Saturday, December 11, 2021

Norman Podhoretz Is Right About Trump

I'll take 'Sentences You Never Thought You'd Write' for 2000, Alex...:
   “I was, to begin with, anti-anti-Trump,” he says. “I was not crazy about the guy. I had never met him, and still I’ve never met him. But I thought the animosity against him was way out of proportion and, on the right, a big mistake. I went from anti-anti-Trump to pro-Trump. . . . I still think—and it’s been the same fight going on in my lifetime since, I would say, 1965—I still think there’s only one question: Is America good or bad?
   He pauses, leans back in his sofa chair, and restates the formulation. “A force for good in the world—or not?”
   Mr. Podhoretz was only 30 when he became editor of Commentary, then a magazine of the left. Over the next several years he began to reject the Marxian attitude of his fellow New York intellectuals. “I broke with the left mainly because of its anti-Americanism. When you’re hanging around with people, you hear things they don’t say in public. I knew what they thought, what they didn’t say except in private. And what they thought was horrendous to me.” Each of his four autobiographical books...is in some way an account of his estrangement from the left as a consequence of its refusal, as he saw it, to embrace the U.S., its history and its culture.
   ...He takes bold positions, expresses them fluently, and hits hard. So his description of conservative voters as “troops” didn’t surprise me. “It’s a war, in my view,” Mr. Podhoretz says. “Many people are reluctant to see it in those terms. I mean, people say it’s a lot like 1858 and so on, but I don’t see it as a prelude to a civil war and 600,000 Americans dead. That’s not my meaning. But spiritually it’s a war.”
   The term “culture war” has been thrown around for 30 years, but Mr. Podhoretz takes the martial metaphor seriously: “We’re in a war, and it’s a war to the death. Now they actually admit it. They used to pretend. Not anymore. ‘Dissent’ was the real patriotism—so being against America meant you were for America, if you remember all that. Now they’re happy to say what they think.”
   The left wants to win, he says, but “I’m not sure anymore what our side wants. The right, as I used to understand it, no longer exists. So you’ve got one very clear side, and one very muddled side.”
   Would it be accurate to say that the right’s muddled state consists in a division between those who understand that we’re in a war and those who don’t? A sizeable contingent of the right, such as it is, still believes that solid reporting, thorough scholarship and careful argumentation will win the respect of their ideological adversaries on the basis of fairness and merit. Is that way of thinking a failure to understand the nature of the conflict?

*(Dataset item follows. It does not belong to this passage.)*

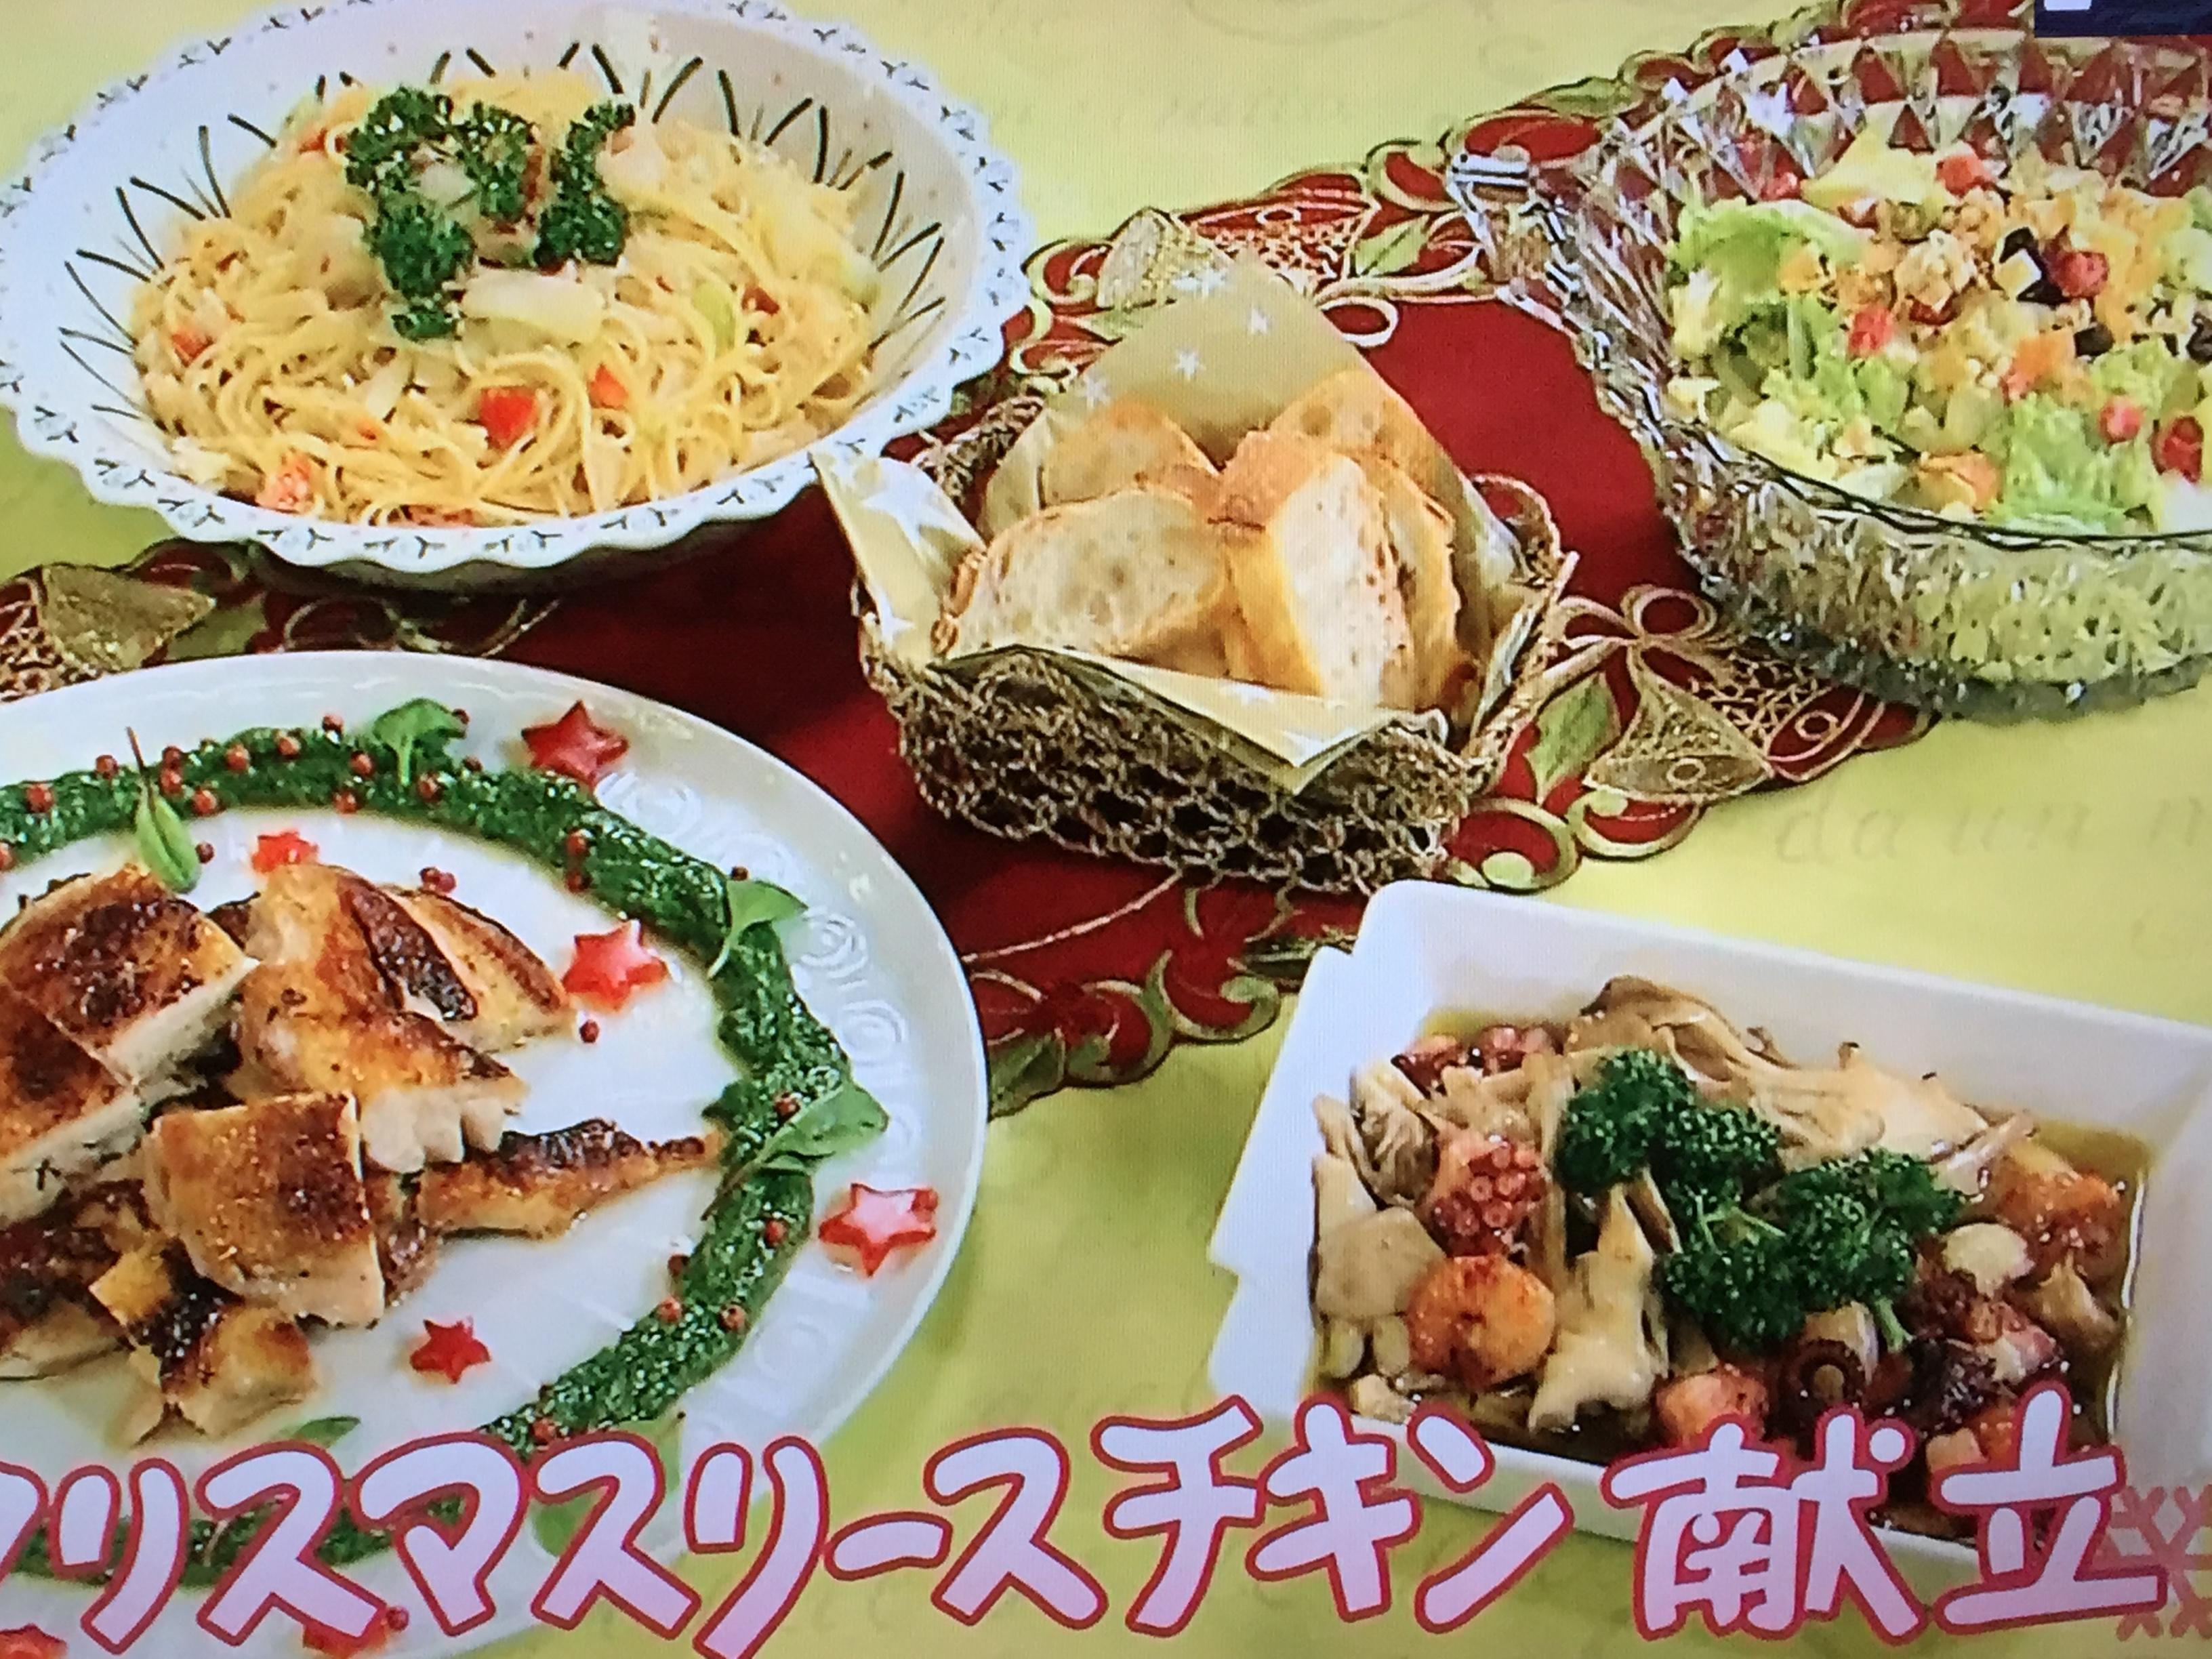 NHKきょうの料理は平野レミのクリスマスリースチキン、帆立て ...

   “I think so,” Mr. Podhoretz says. “And I think Trump was the only guy who understood the situation in those terms, whether by instinct or whatever.
   ...
   Here Mr. Podhoretz laughs. “Look,” he says, “Trump is a type of person . . . there’s a wonderful Yiddish slang word: bulvan. A bully, doesn’t care, crashes through. Trump’s bad side is a necessary accompaniment to his good side.”
   ...
   Mr. Trump’s behavior after the 2020 election notwithstanding, Mr. Podhoretz has no apologies. “Maybe Trump’s outlived his usefulness, I don’t know,” Mr. Podhoretz says. “And the way he gave away Georgia”—he means the two Jan. 5 runoff elections that cost the Republicans the Senate majority—“was pretty hard to forgive. But if I thought he could win, I wouldn’t hesitate to vote for him.”
   Mr. Podhoretz keeps returning to the theme of war, a war made necessary, in his view, by the anti-Americanism of the political left. Is the hatred of America worse than it used to be? “Unquestionably,” he says. “The left of the 1930s, which was the first time it had significant power and influence, was anti-American to begin with. But it had an alternative—the Soviet Union.” The U.S.S.R. turned out to be a disappointment when it allied with Hitler in 1939, although some on the left never gave up on Russian communism. “Then, after the war, especially in the 1960s and later, they had a series of alternatives—Cuba one week, Mao’s China the next, or Nicaragua, or North Vietnam, or whatever.” The left liked Sweden for a while, he laughs, but Sweden has a market economy. “And”—he laughs again—“somebody found out about the suicide rate.”
   But now, he notes, there’s no alternative, no pretense that some other place does things better. “This ‘woke’ business—critical race theory, Black Lives Matter, all of it—is just pure anti-American hatred. And I think [its proponents] would admit that. Which is why I keep saying it’s a war. If you don’t understand that, you don’t know what the hell is going on.”
   What about the claim that the war is over, and the right lost? Mr. Podhoretz points out that things were pretty bad for conservatives in the late 1970s, but the reaction was explosive. Magazines like Commentary, he thinks, changed the way intellectuals and academics thought about welfare and foreign policy: “People used to accuse me of being self-important when I said this, but the change in the political culture that the neoconservative movement helped to foster was a necessary precondition for the election of Ronald Reagan.”
   That can happen again? “It could.”